- The Washington Times - Monday, July 8, 2019

D.C. Council Chairman Phil Mendelson on Monday said that the general counsel will choose by the end of the week a law firm to investigate council member Jack Evans for possible violations of the code of conduct.

Meanwhile, the council is set to vote Tuesday on whether to remove Mr. Evans as chairman of the Finance and Revenue Committee. Mr. Mendelson said city lawmakers also will determine how the committee’s responsibilities will be delegated and learn more about the scope of the investigation.

“I, in no way, feel bound by the limitations Mr. Evans put on himself when he spoke to council last week,” Mr. Mendelson, at-large Democrat, said during a press conference.

Mr. Evans, Ward 2 Democrat, has been the focus of scrutiny and criticism for several months over accusations that he leveraged his position as the city’s longest-serving lawmaker and as the chairman of the Metro Board of Directors drum up new clients for his consulting firm and benefit current clients.

Last week, Mr. Evans shared with fellow lawmakers his side of the scandal and asked them to wait for the investigation before they revoke his chairmanship. But he only answered questions about the Metro ethics investigation of his activities, leaving several council members frustrated and doubtful of his integrity.



Mr.
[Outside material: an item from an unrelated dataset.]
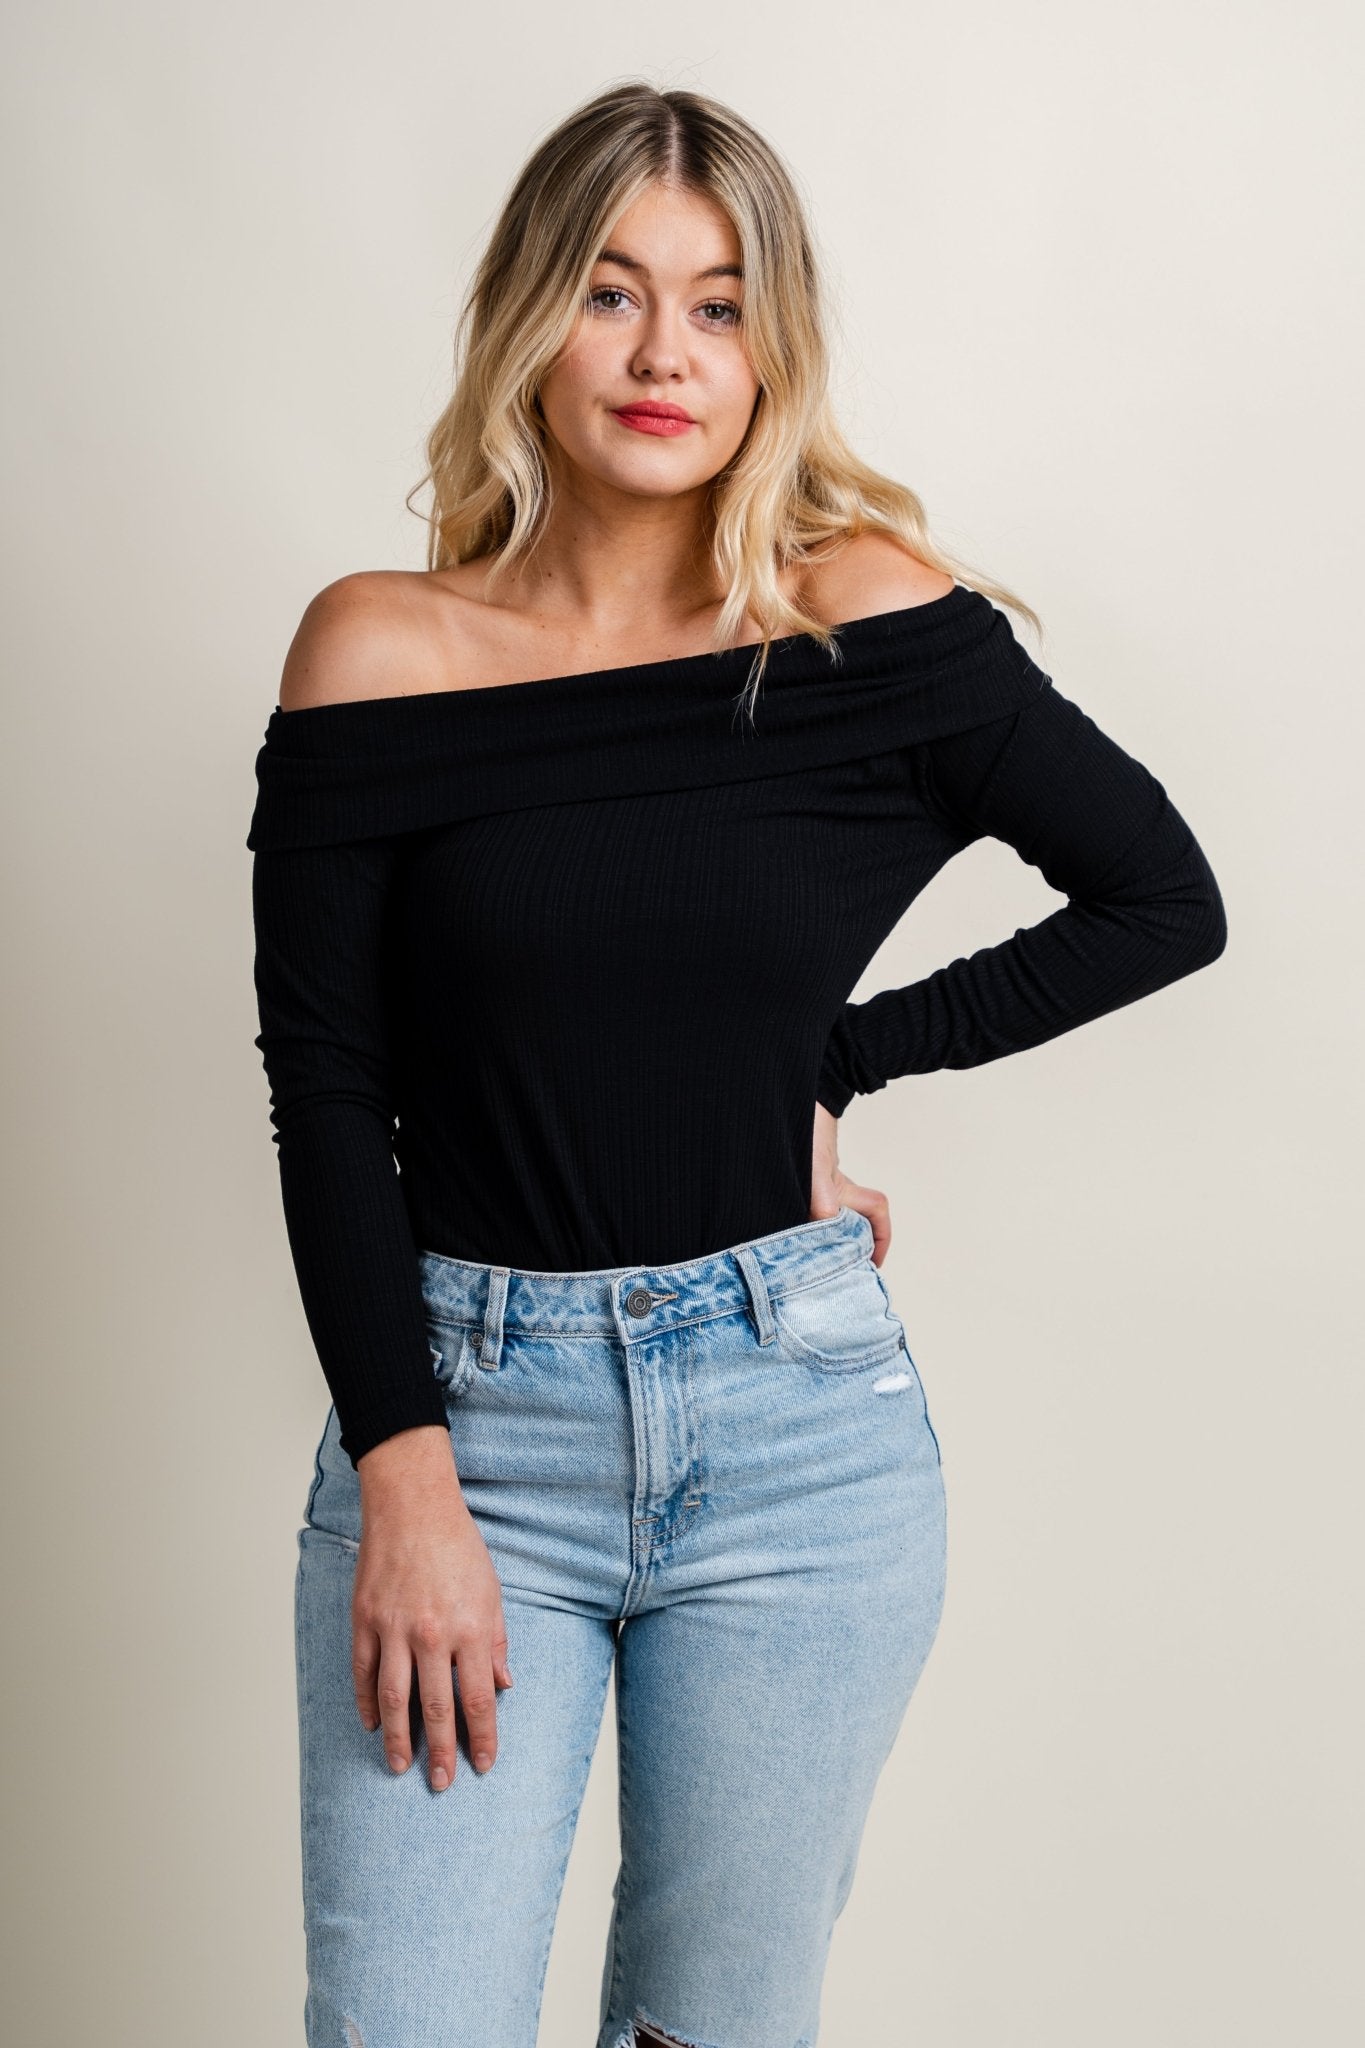 Z Supply Elena off shoulder top black - Z Supply Top - Z Supply Apparel at Lush Fashion Lounge Trendy Boutique Oklahoma City

Mendelson said that after the law firm has begun its investigation, lawmakers will appoint an ad hoc committee to review its findings and make recommendations to the full council. The council chairman said that appointing the law firm before creating the committee will allow the investigation to get underway more quickly.

The law firm will be able to uncover new information better than an ad hoc committee because its privilege power will allow it to collect more documents, Mr. Mendelson said Monday.

The council will fill the D.C. vacancy on the Metro Board, created by Mr. Evans‘ resignation, when lawmakers return from their summer recess in September, Mr. Mendelson said.

In the meantime, the District will be represented by one of its alternate members on the Metro Board — Tom Bulger, president of the Government Relations Inc. lobbying firm.

Council member Elissa Silverman, at-large independent, introduced emergency legislation to remove Corbett Price as a D.C. representative on the Metro Board.

“Members of the public must be able to rely on the veracity of statements made by public officials, especially when those statements are related to public investigations,” Ms. Silverman’s resolution states.

Mr. Price, chairman and CEO of the financial advisory firm Quantix Health Capital, asserted that Metro’s ethics committee had cleared Mr. Evans of all violations. The ethics panel, on which Mr. Price served, actually found that Mr. Evans had failed to disclose his business relationship with Colonial Parking, which had paid his consulting firm $50,000 a year.

Mr. Evans previously denied the ethics violation because he believed he had “cured the violation” when he refiled his disclosure form, and Mr. Price reiterated that version of events.

Mr. Mendelson said he does not support the Silverman resolution because it does not include a plan of succession, among other reasons.